Task objective: Please transcribe the data below in full. Omit any picture you find in it.

Data excerpt:
[Start of Attachment]

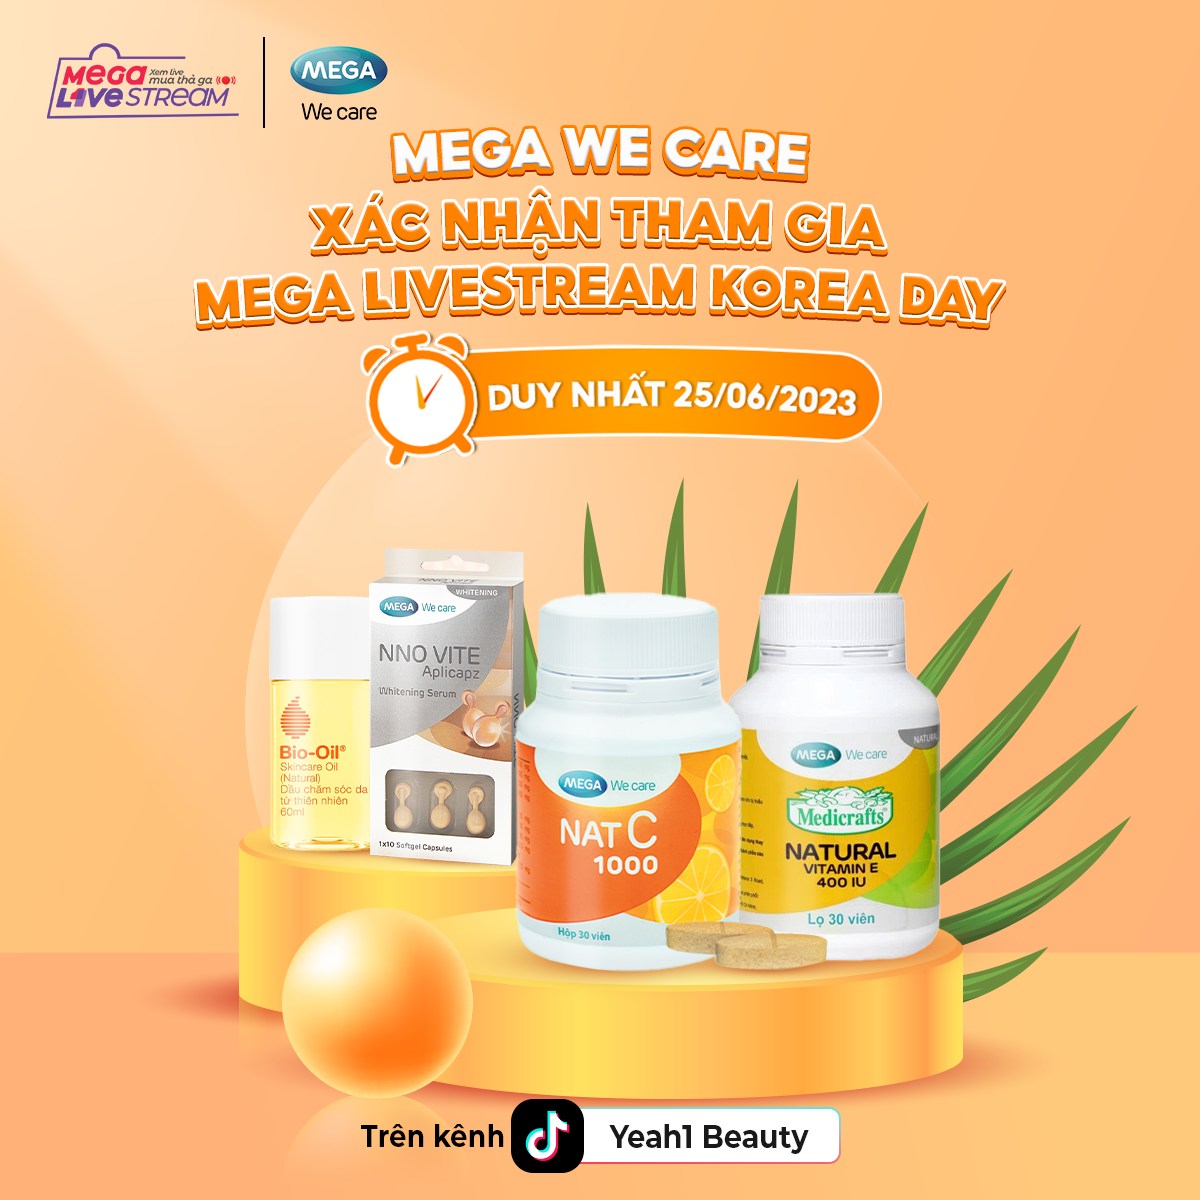 Mega We Care là đơn vị uy tín trong lĩnh vực y tế và chăm sóc sức khỏe trên toàn cầu.
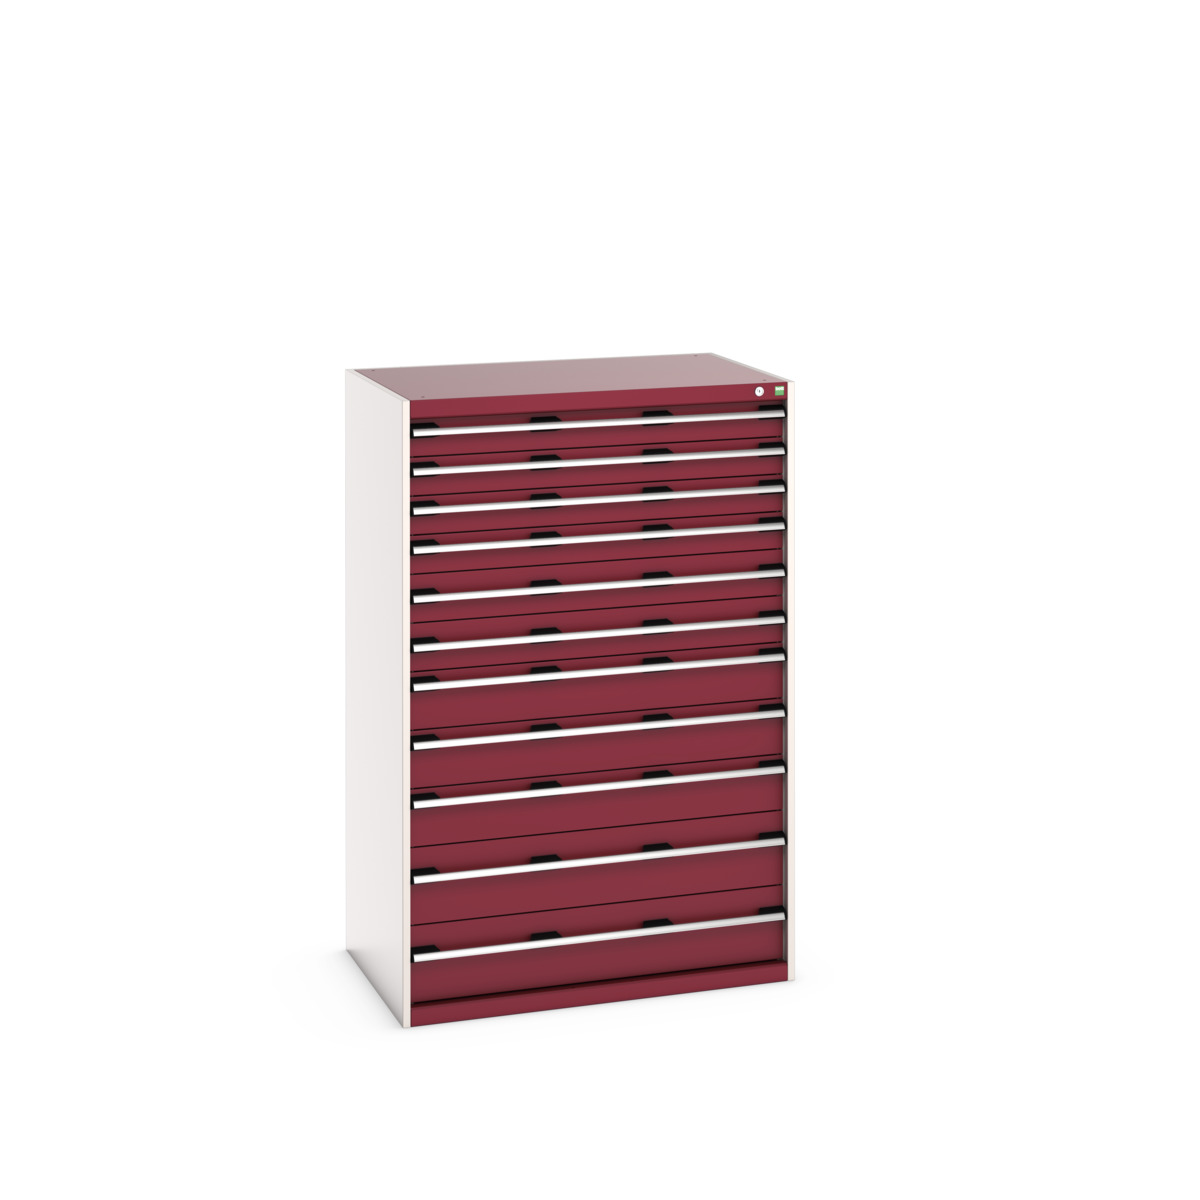 40029038.24V - cubio drawer cabinet
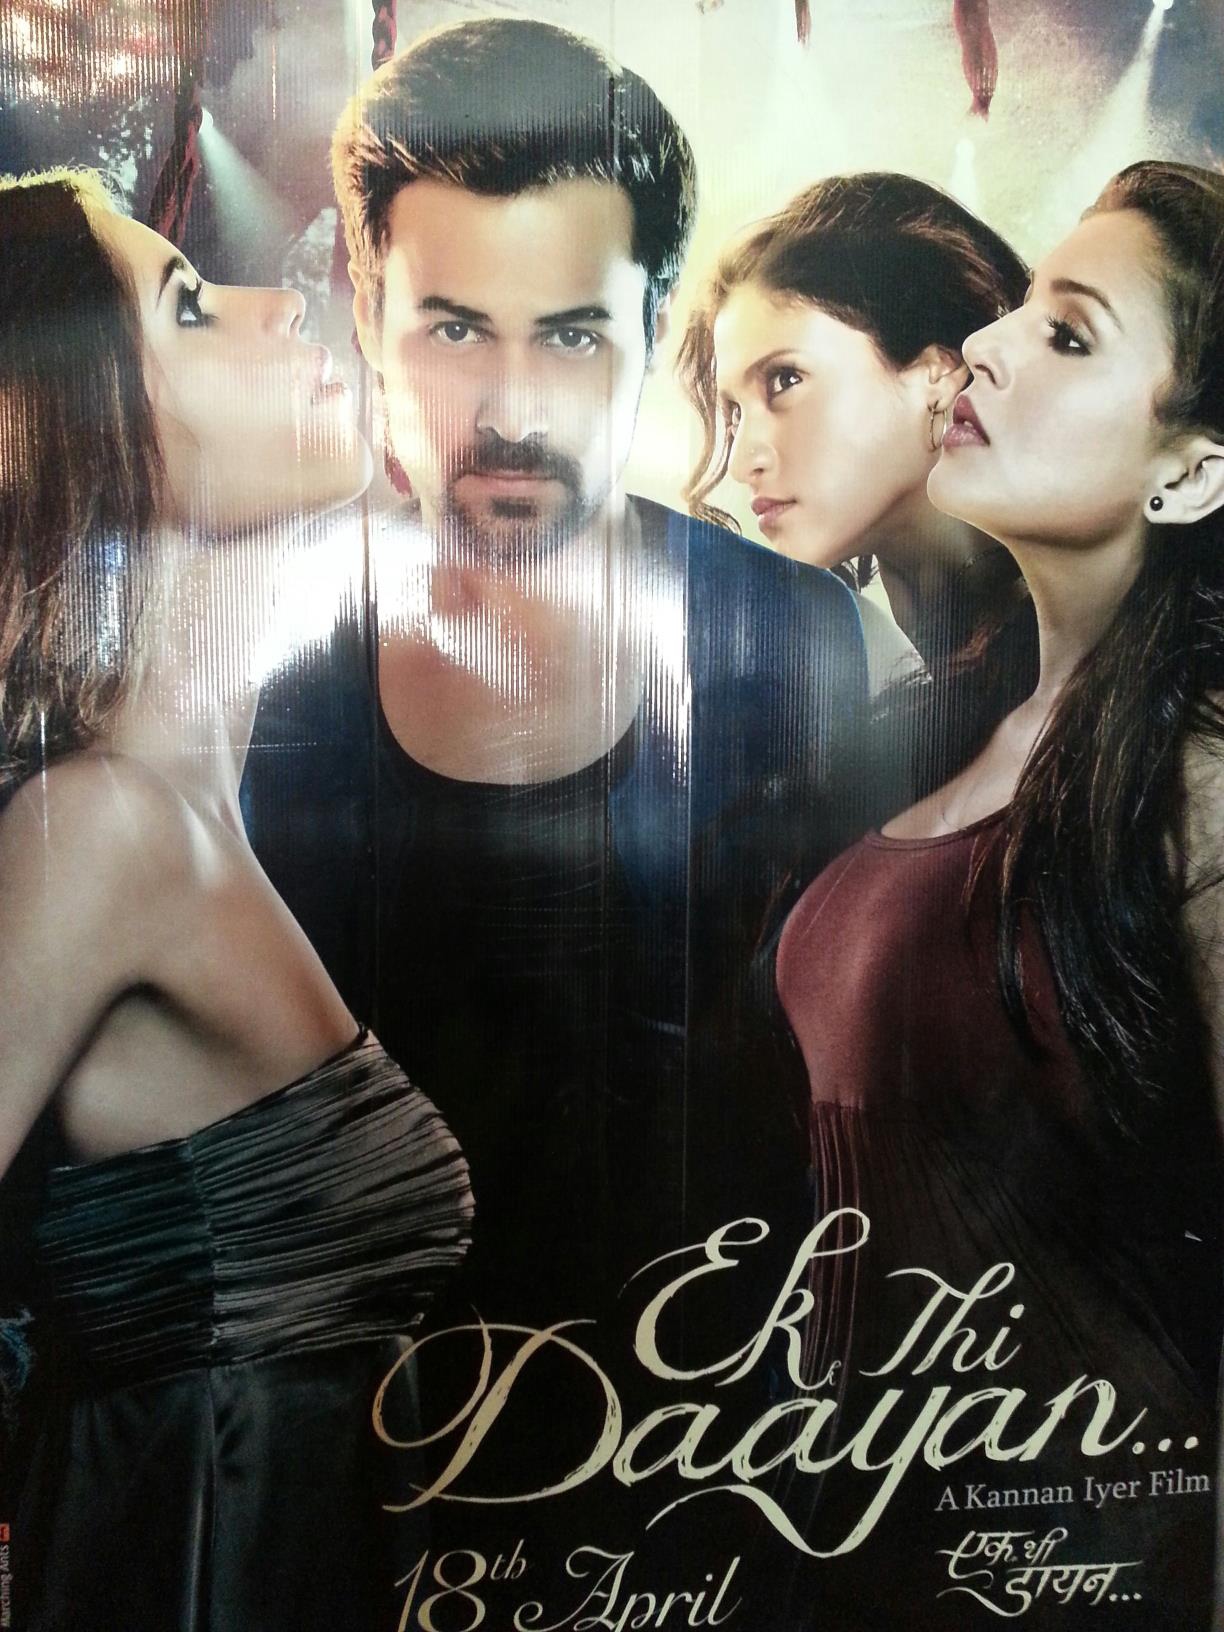 Ek Thi Daayan - Movie Poster #4 (Original)
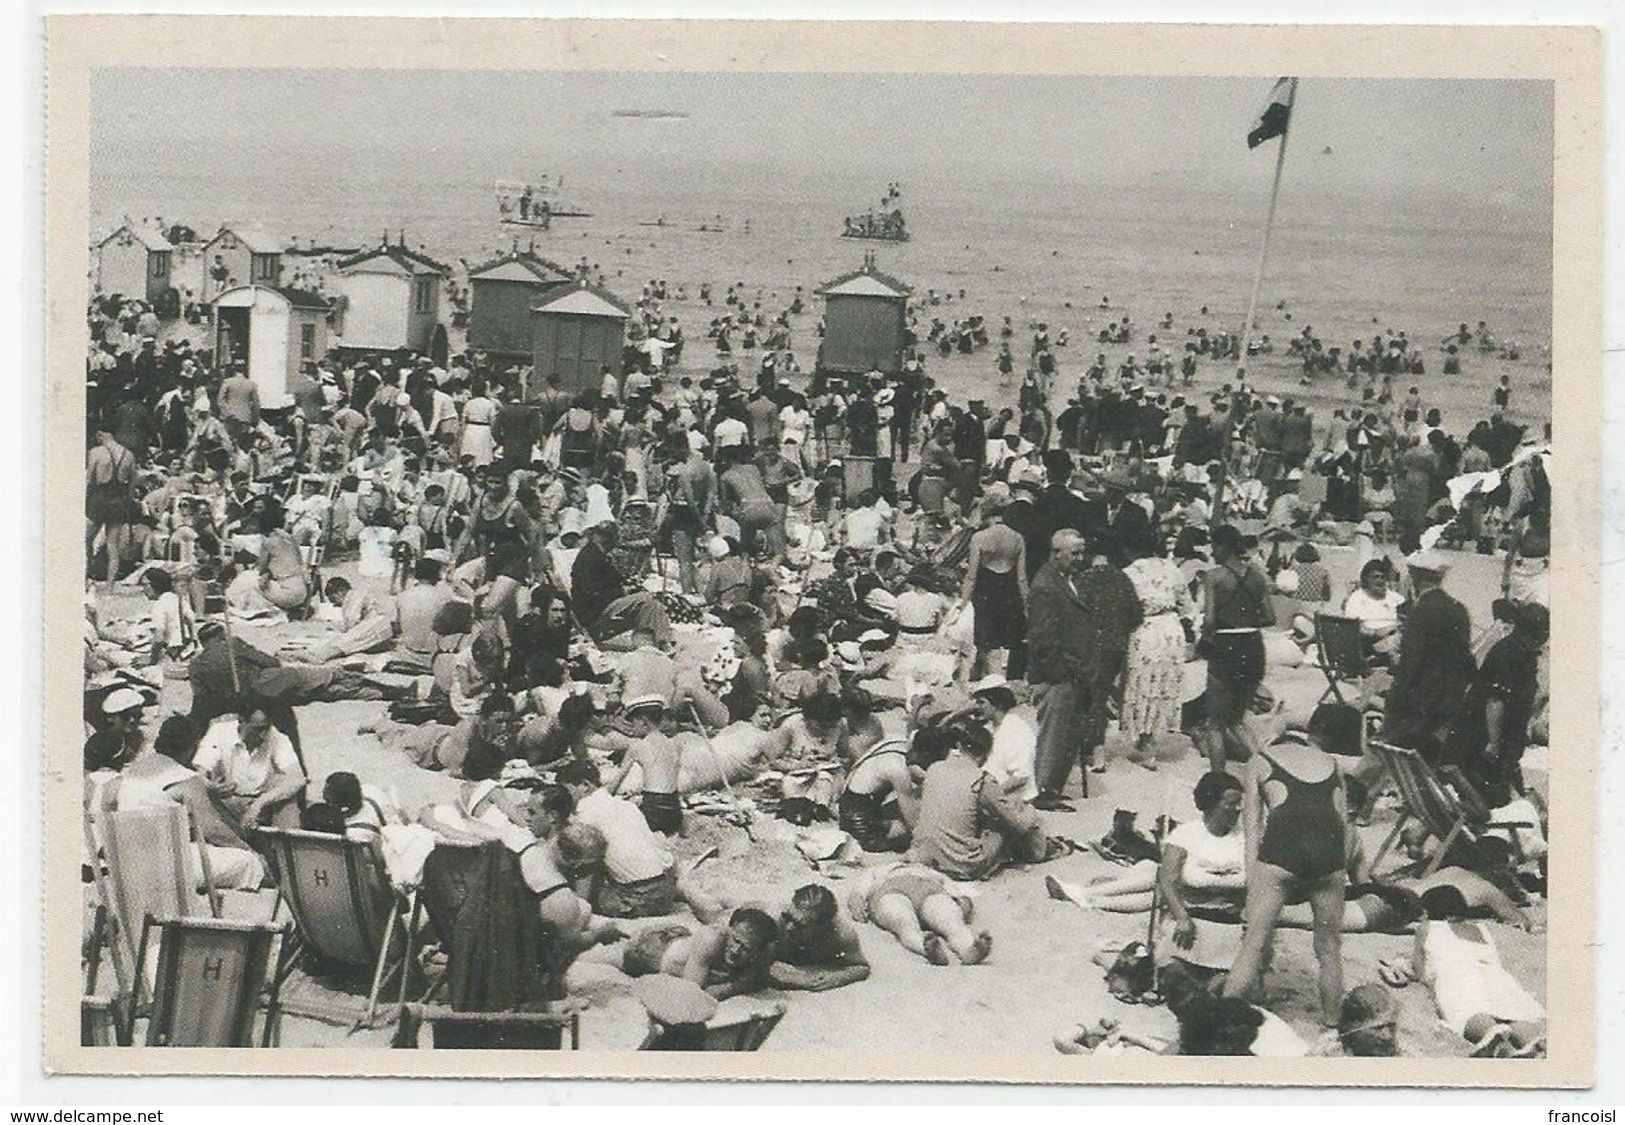 Touristes Sur La Plage. Les Premiers Congés Payés En 1936. Reprodution D'une Photographie De 1936. - Histoire

[End of Attachment]

Exercise answer:
 Mega We Care là đơn vị uy tín trong lĩnh vực y tế và chăm sóc sức khỏe trên toàn cầu.
 40029038.24V - cubio drawer cabinet
 Ek Thi Daayan - Movie Poster #4 (Original)
 Touristes Sur La Plage. Les Premiers Congés Payés En 1936. Reprodution D'une Photographie De 1936. - Histoire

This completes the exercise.